The UN has come up with a compact incorporating key provisions for smoother pathways to legal migration and safeguarding migrants that are of particular relevance to India, which contributes the world's largest migrant population.
The Global Compact for Safe, Orderly and Regular Migration that was finalised with fanfare on Friday is scheduled to be formally adopted at a conference in Marrakesh in December.
During negotiations India had expressed reservations about some aspects of the compact, but the final draft took them into account and India will be a party to the compact, India's Permanent Representative Syed Akbaruddin told IANS.
Among the compact's key provisions relevant to India are enhancing "the availability and flexibility of pathways for regular migration" and facilitating "fair and ethical recruitment and safeguard conditions that ensure decent work".
Other provisions in the compact of interest to India include creating "conditions for migrants and diasporas to fully contribute to sustainable development", promoting "faster, safer and cheaper transfer of remittances", and creating "mechanisms for the portability of social security entitlements and earned benefits".
There are 17 million migrants from India, according to the UN.
While the bulk of them are in the Gulf region, India pursues keeping gateways open for highly skilled professionals to migrate to the US, Britain and other developed nations.
India is seeking to ensure that the migrants to developed countries have access to their contributions to social security or government retirement programs if they return home.
On Monday during the negotiations, India's Deputy Permanent Representative Tanmaya Lal had expressed reservations about some aspects of the earlier draft, which he said placed "disproportionate focus" on illegal immigrants.

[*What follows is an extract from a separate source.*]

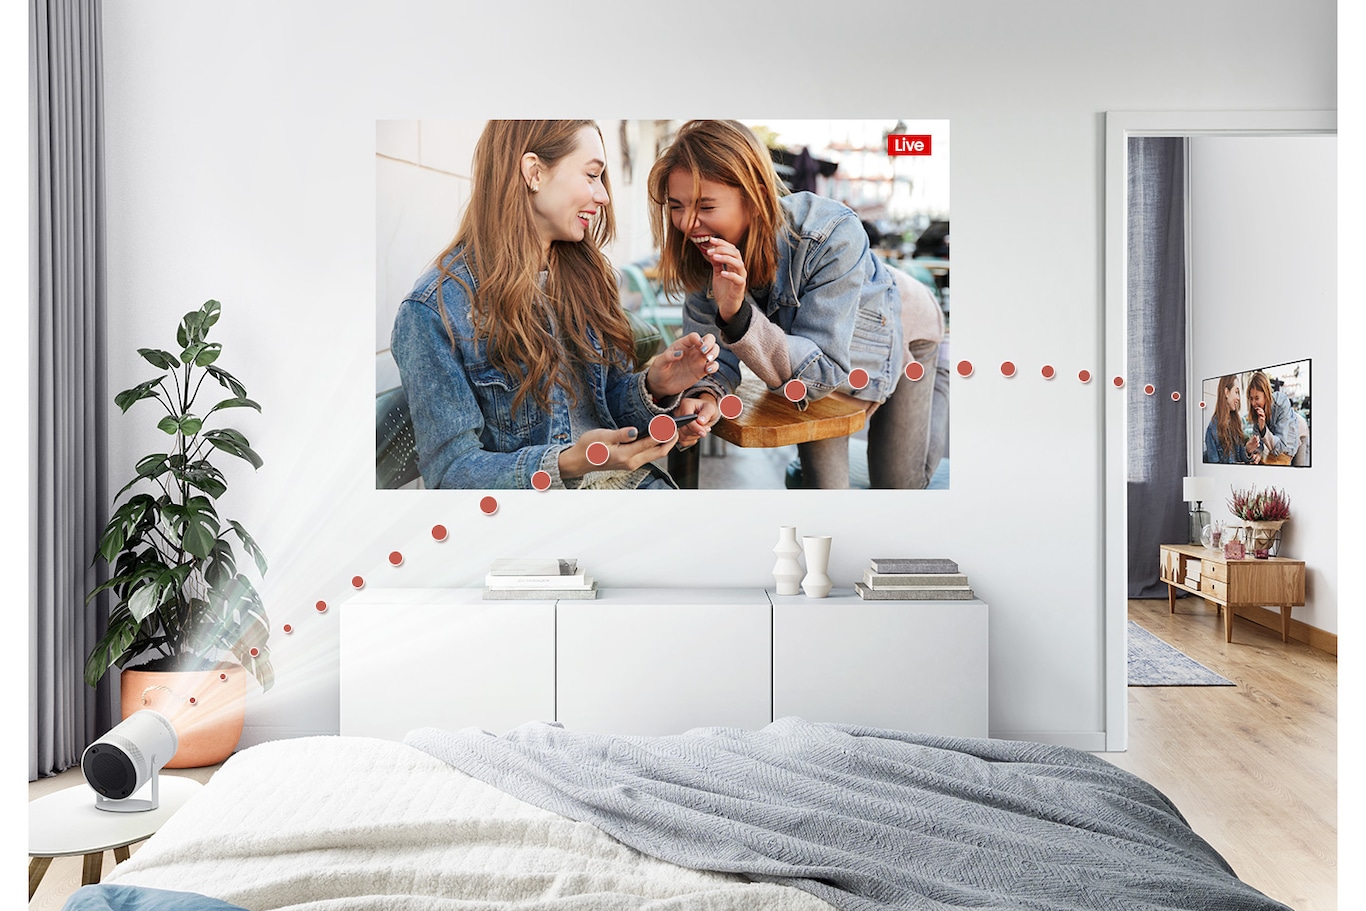 The Freestyle được kết nối với TV phòng khách và phát nội dung truyền hình trực tiếp trong phòng ngủ.

He said instead, more prominence should be given to "objectives that specifically focus on removing obstacles to safe, orderly and regular migration".
Another concern of India in an earlier draft was about applying to migrants the "principle of non-refoulement" or of not forcing refugees to return their countries.

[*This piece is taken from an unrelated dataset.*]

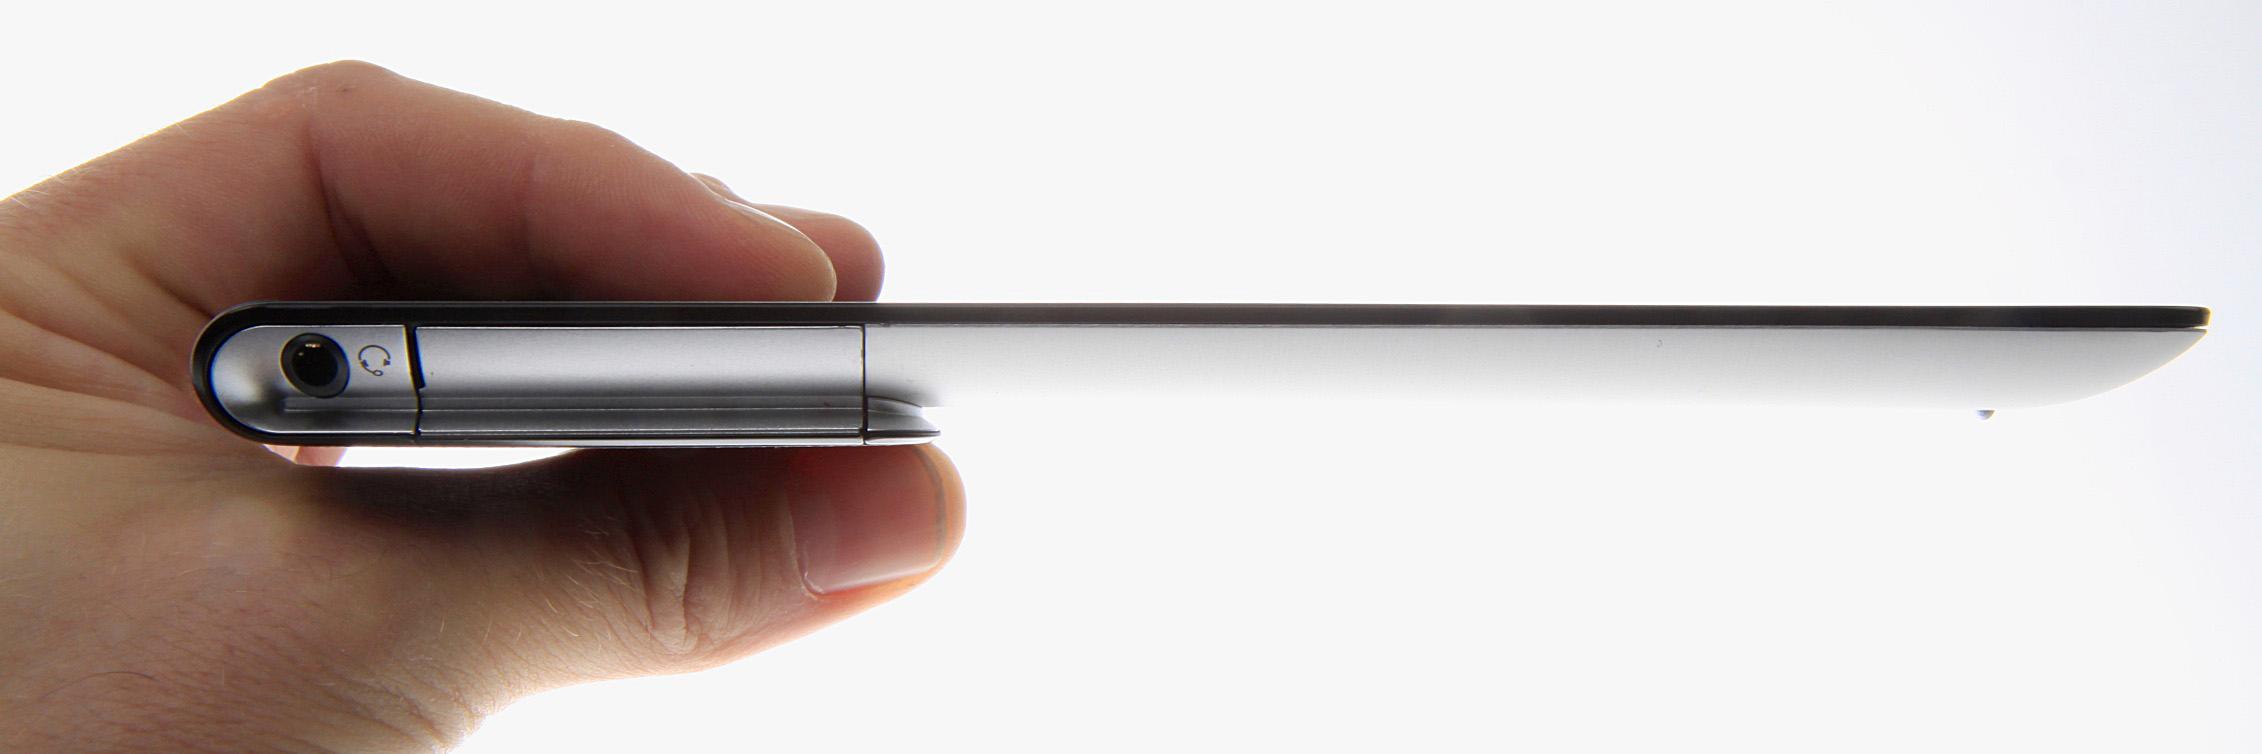 Sony Xperia Tablet S er mye tynnere enn fjorårets Tablet S-modell. .Foto: Kurt Lekanger, Amobil.no

India pointed to the differences between refugees and migrants and maintained that migrants were not entitled to this protection as they were not fleeing persecution like refugees.
All these concerns were addressed in the final draft.
The compact will not be legally binding, but because of the backing of an overwhelming majority of nations it will change attitudes and persuade countries to abide by them, Lajcak said.
The finalising of the draft "has immense potential to help the world harness the benefits of regular migration while safeguarding against the dangers of irregular movements that place people at risk", Guterres said.
The negotiations on the compact had to walk a tightrope between sovereignty of nations and the need for bringing order to chaotic migrations and protecting migrants.
The US boycotted the negotiations on the compact asserting that it would infringe on its sovereignty.
However, the compact "reaffirms the sovereign right of States to determine their national migration policy and their prerogative to govern migration within their jurisdiction", and also seeks to "distinguish between regular and irregular migration status."
Lajcak said: "It can be a resource, in finding the right balance between the rights of people and the sovereignty of States."
The compact takes a tough line against crime-ridden people-smuggling networks.
It calls for action to "prevent, combat and eradicate trafficking in persons in the context of international migration".
Guterres said: "Smuggling and trafficking are criminal activities; migration is not."